The move also comes a day after Gatehouse Media, which owns both papers, announced a round of company-wide buyouts to reduce staff again, with the threat of layoffs if reduction targets aren’t met.

In recent years, the Herald-Tribune, whose daily print circulation is now about 73,000, has produced the kinds of investigations and in-depth coverage more typically seen at larger metro newspapers. Under executive editor Bill Church, who joined the paper in 2012 and is now also the Southeast regional editor for Gatehouse, the newsroom has tackled a string of ambitious projects and creative initiatives, including a joint investigation with the Tampa Bay Times into violence at mental hospitals that won the Pulitzer Prize for investigative reporting this year. The paper also won a Pulitzer in 2011 and was a finalist in 2008 and 2010.

But the newsroom has also lost 16 employees since Gatehouse bought the paper in a deal that closed in early 2015, according to union organizers. Leaders of the effort in the newsroom were quick to say that they are not dissatisfied with local management. Rather, they said the union drive reflected concerns that Gatehouse was not supportive of the “impact journalism” the paper has become known for, and they want a seat at the table when future changes are discussed.
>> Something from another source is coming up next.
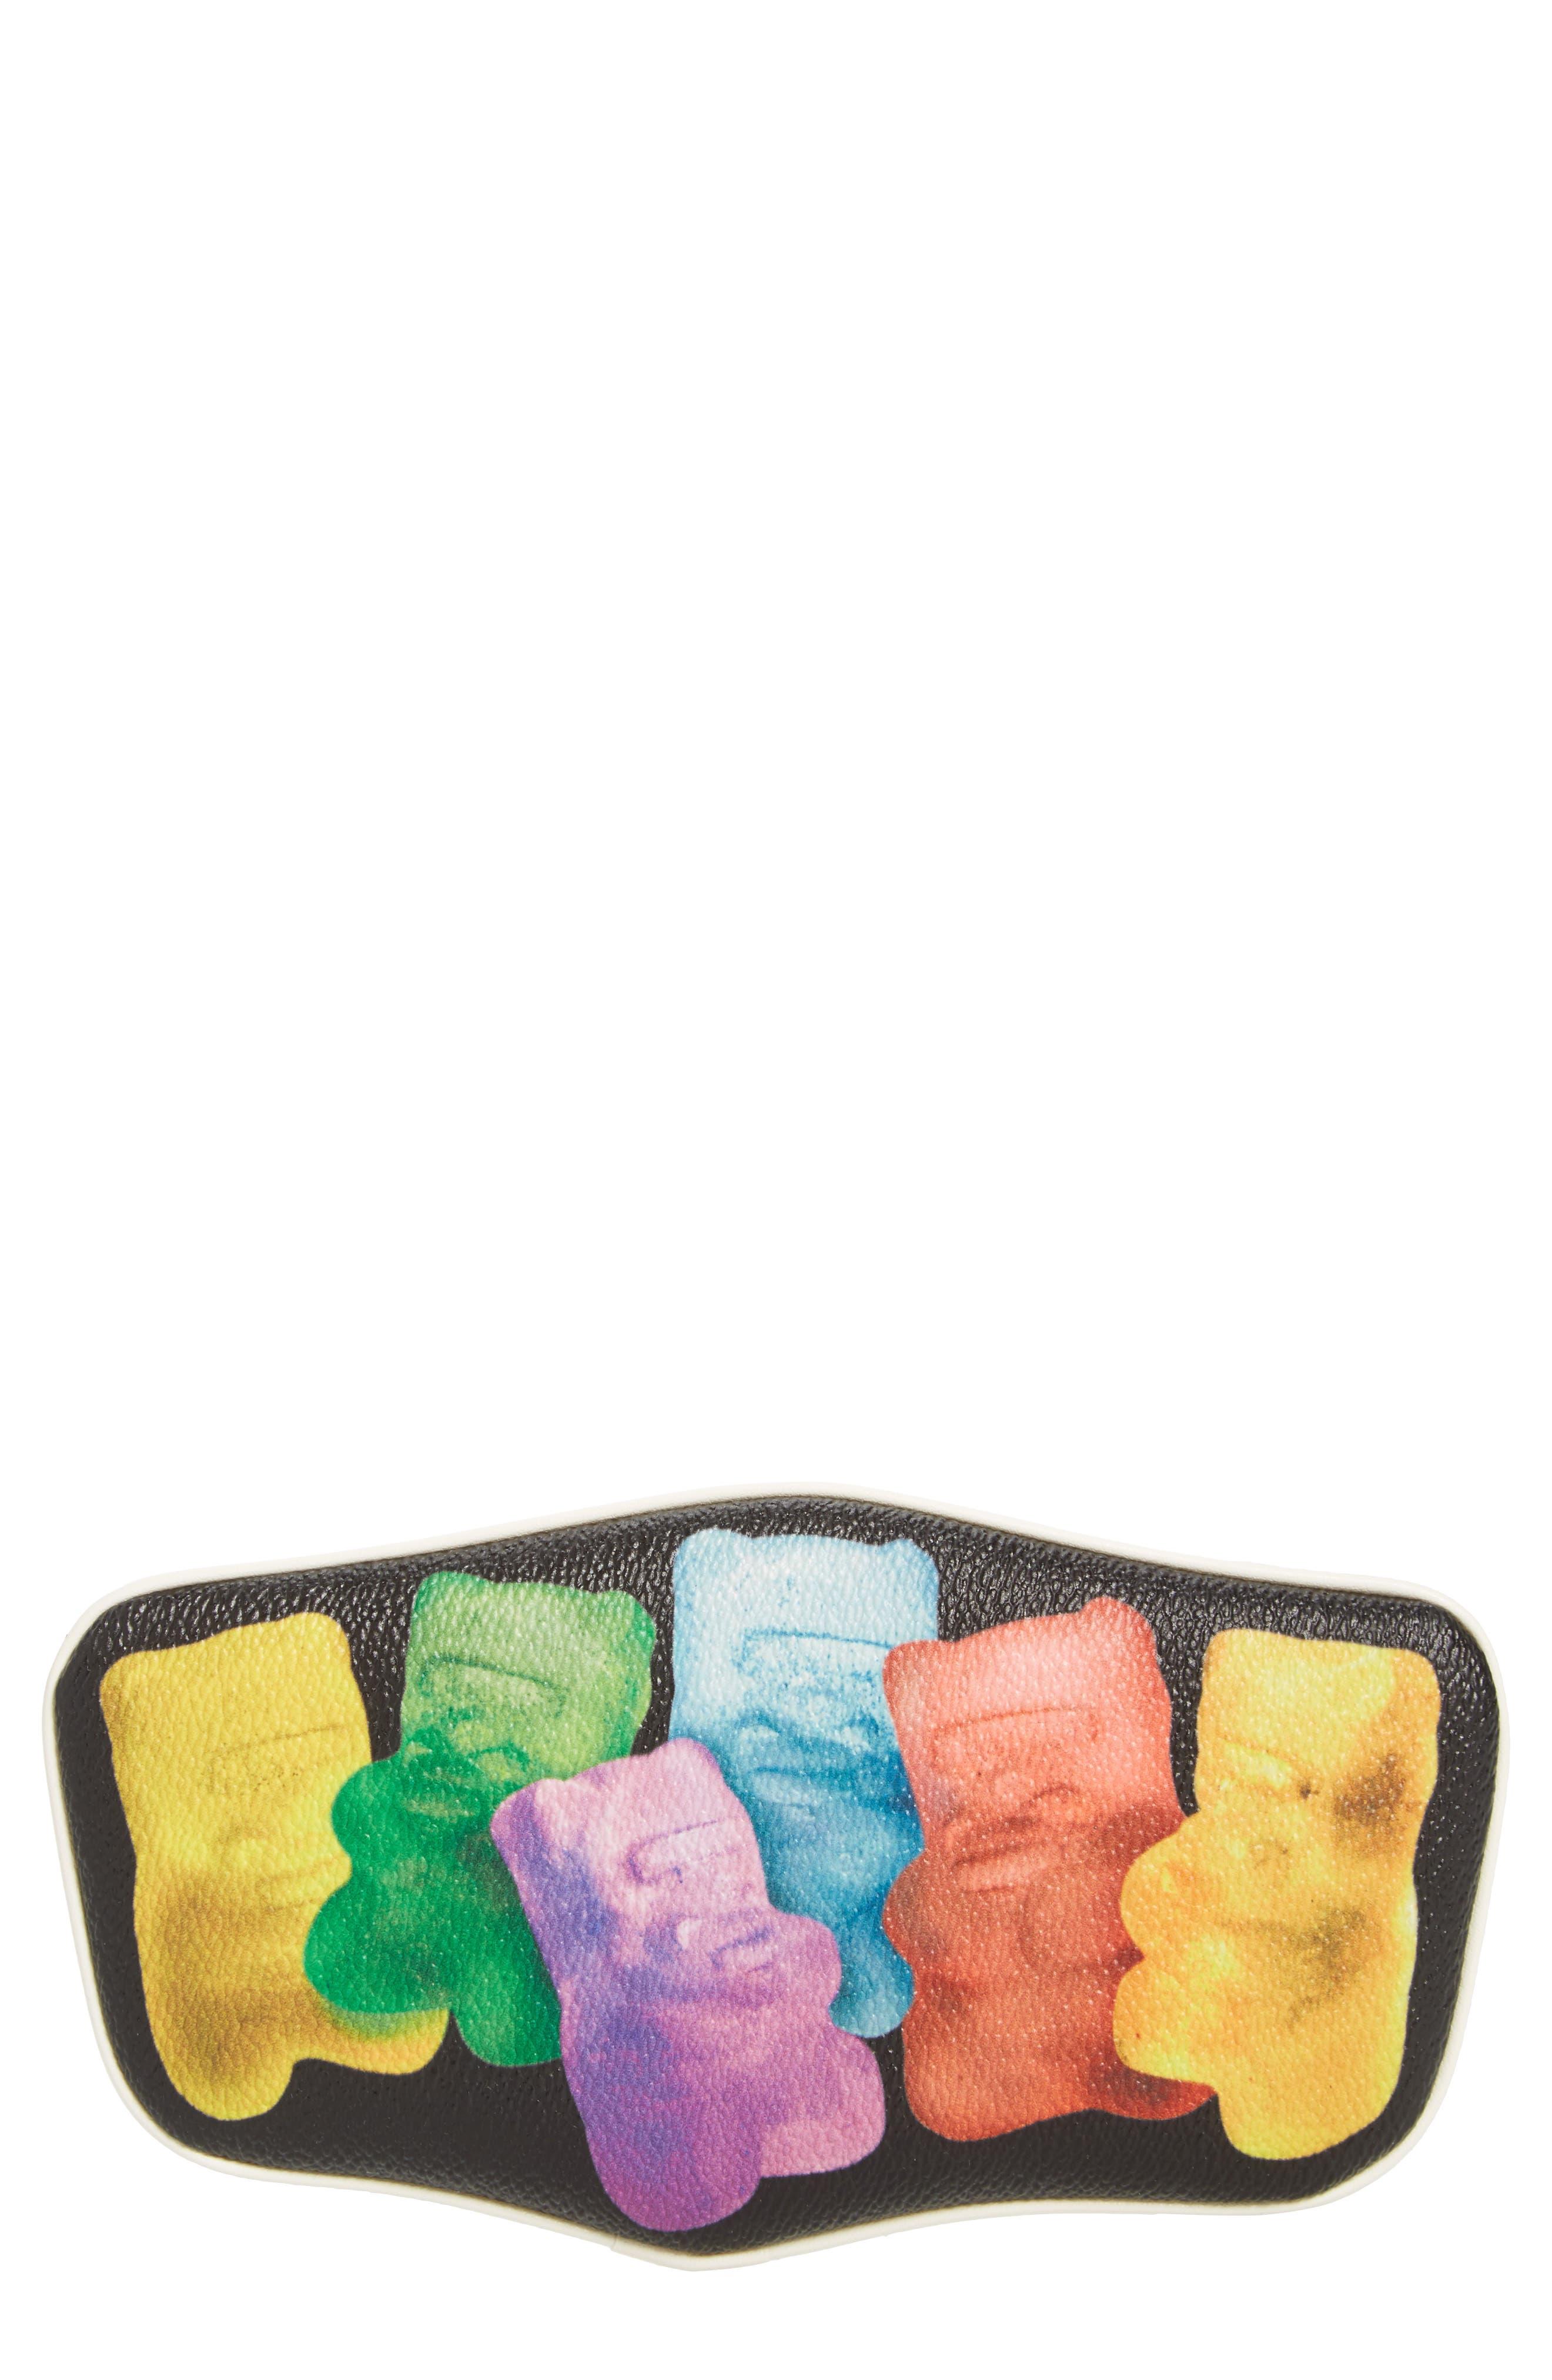 Gummy Bears Coin Purse,                             Main thumbnail 1, color,                             001
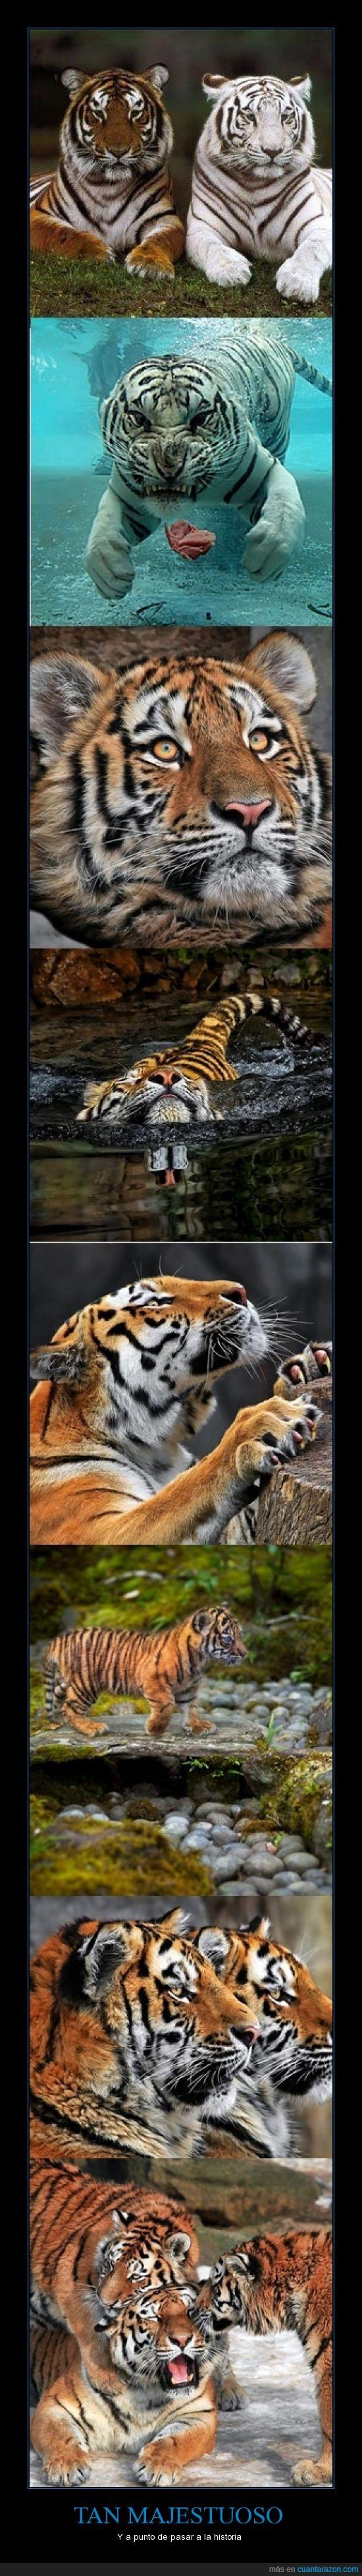 bengala,historia,majestuoso,tigre

“We’ve been known to swing above and beyond what papers our size typically do,” investigative reporter Elizabeth Johnson said in an interview. “We did this to try to preserve that.”

“We have had a good relationship with local management,” columnist Tom Lyons, a 24-year veteran of the paper, said in a press release to announce the move. “We prize that relationship, and we have especially valued the leadership of our executive editor, Bill Church.”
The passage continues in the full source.